Another important thing to keep in mind is that an export can be fairly large. If you write a program that reads a file in this format and you care about handling directories with several million files, make sure to optimize for that. For example, prefer the use of a stream-based JSON parser over a JSON library that reads the entire file in a single generic data structure, and only keep the minimum amount of data that you care about in memory.

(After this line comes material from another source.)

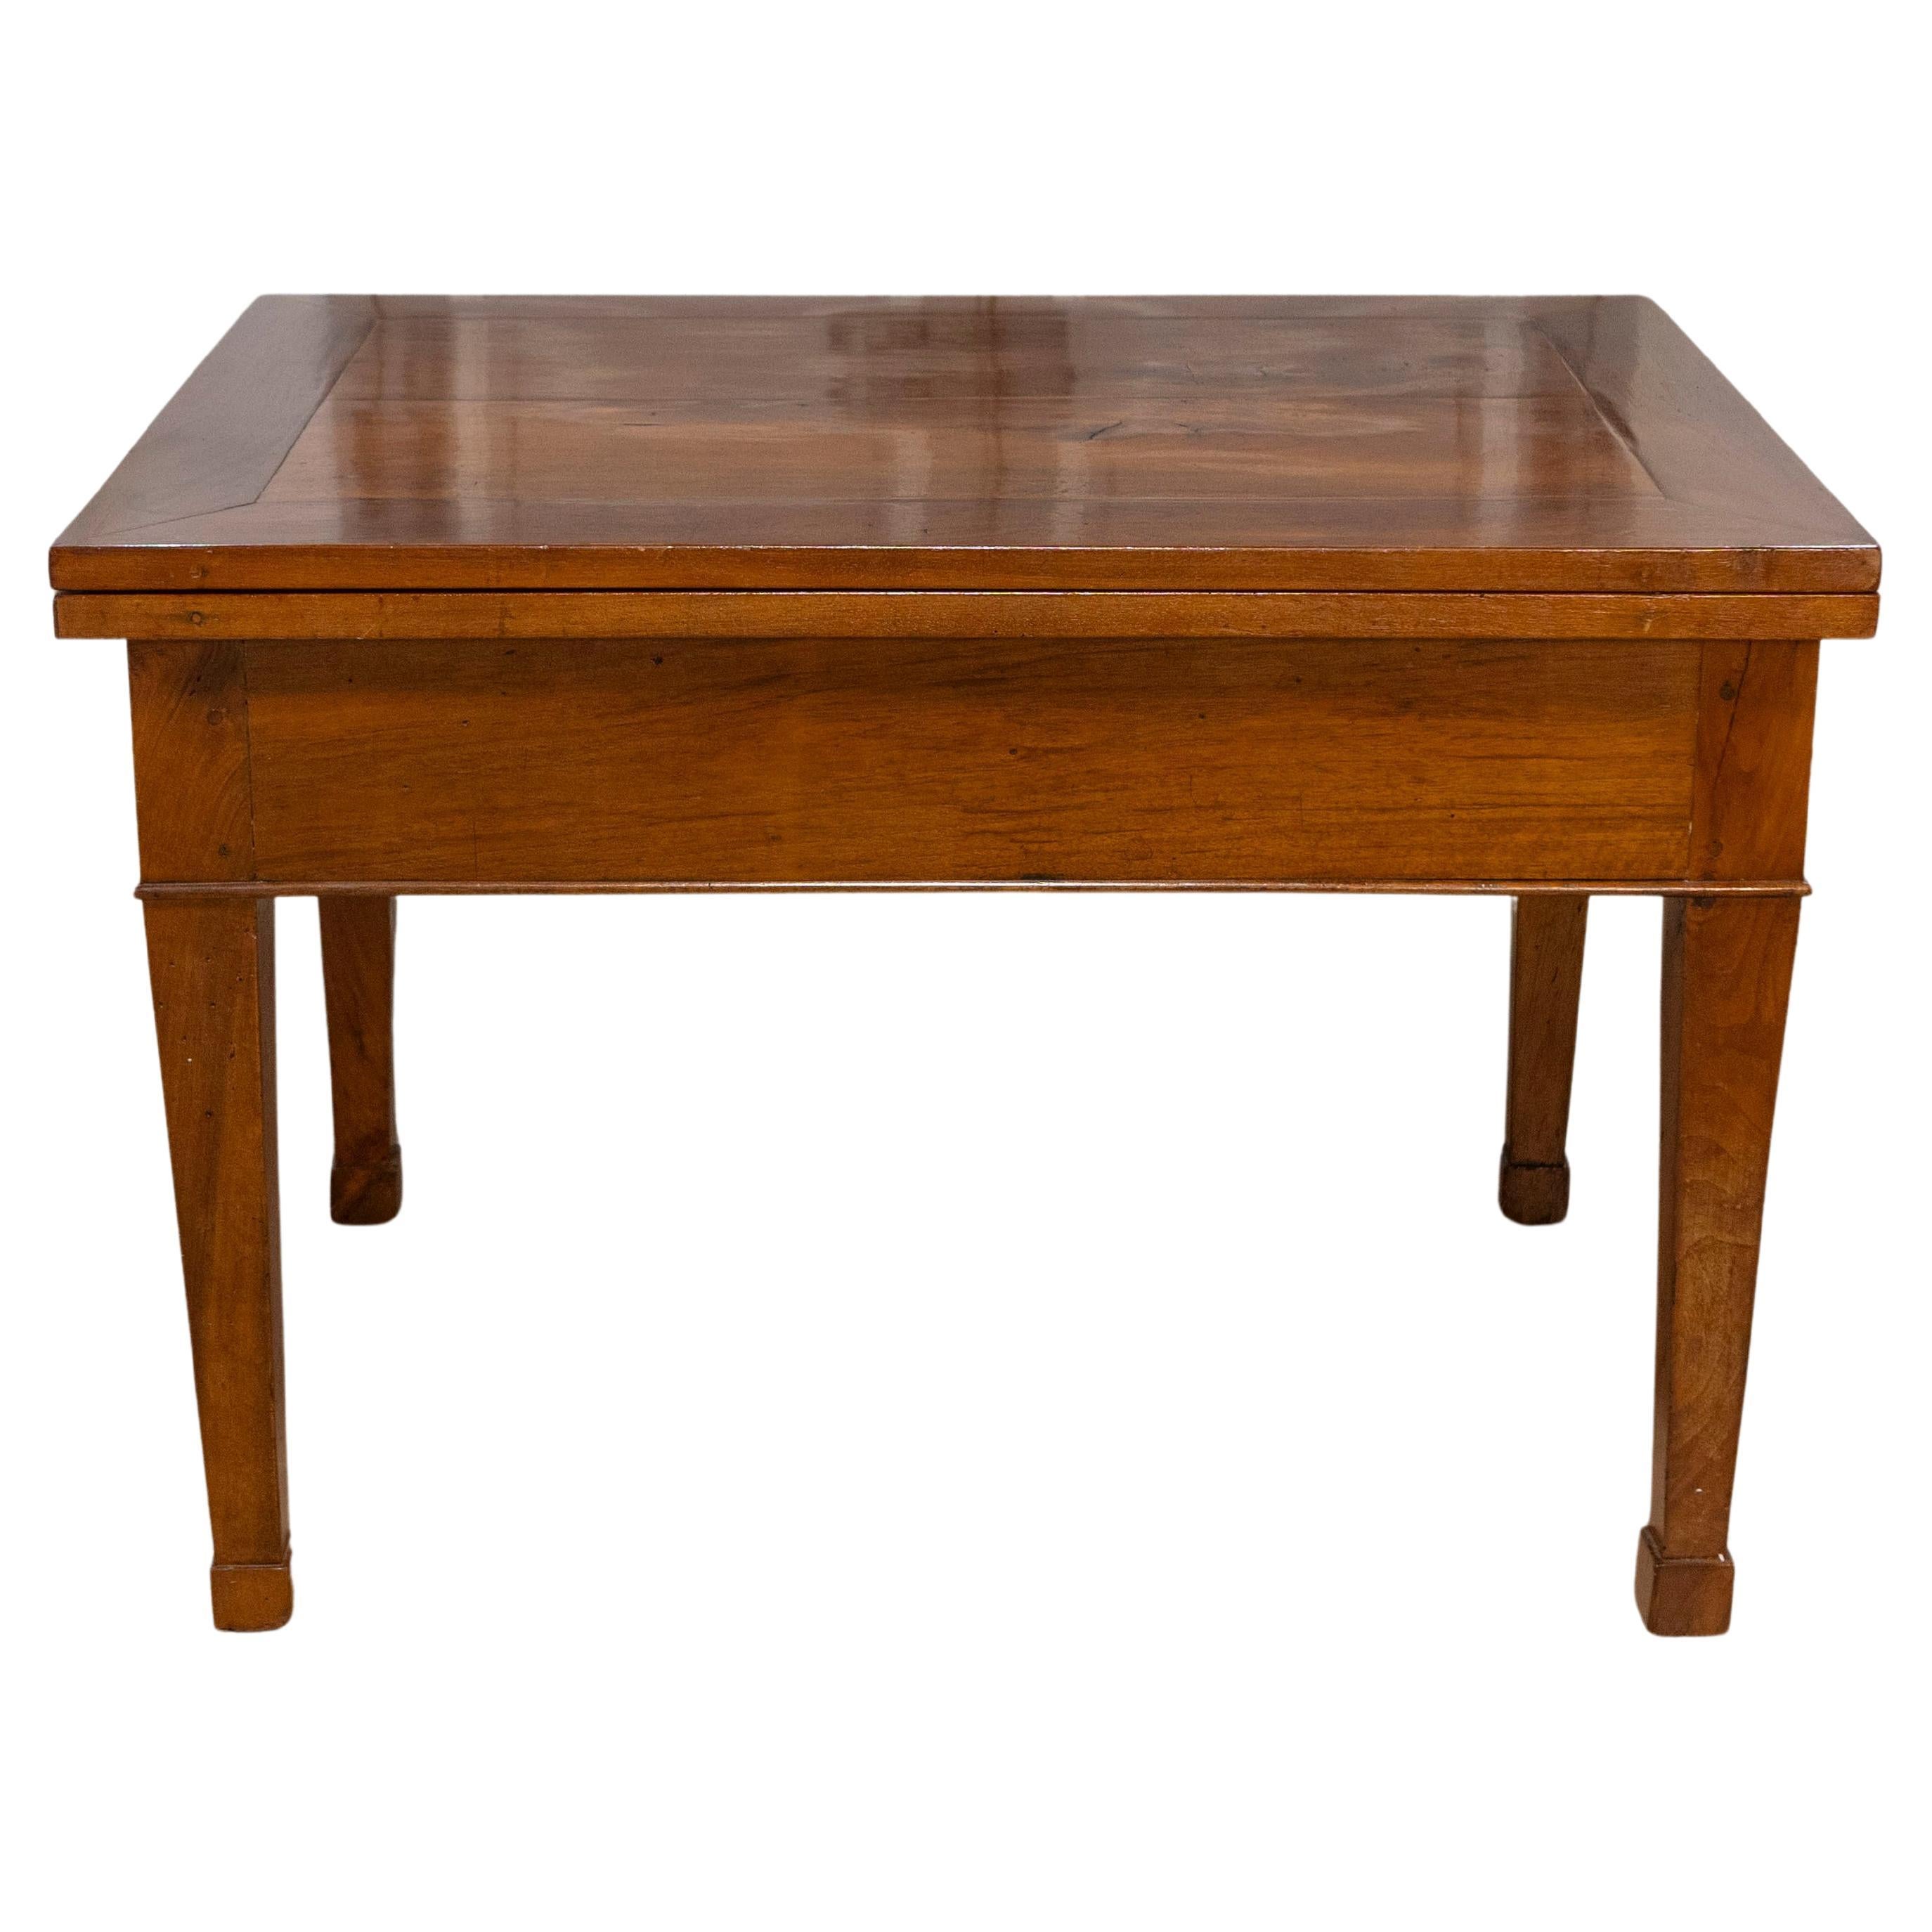 Italian Early 19th Century Walnut Folding Table with Tapered Legs

BUG#245: Ncdu versions before 1.21 or 2.7 did not correctly read escaped UTF-16 surrogate pairs. For portability with these versions, unicode points above U+FFFF should be encoded as UTF-8 instead. Ncdu itself never outputs UTF-16 surrogate pairs.
Example Export
Here’s a simple example export that displays the basic structure of the format.
[
1,
0,
{
"progname" : "ncdu",
"progver" : "1.9",
"timestamp" : 1354477149
},
[
{ "name" : "/media/harddrive",
"dsize" : 4096,
"asize" : 422,
"dev" : 39123423,
"ino" : 29342345
},
{ "name" : "SomeFile",
"dsize" : 32768,
"asize" : 32414,
"ino" : 91245479284
},
[
{ "name" : "EmptyDir",
"dsize" : 4096,
"asize" : 10,
"ino" : 3924
}
]
]
]
The directory described above has the following structure:
/media/harddrive
├── SomeFile
└── EmptyDir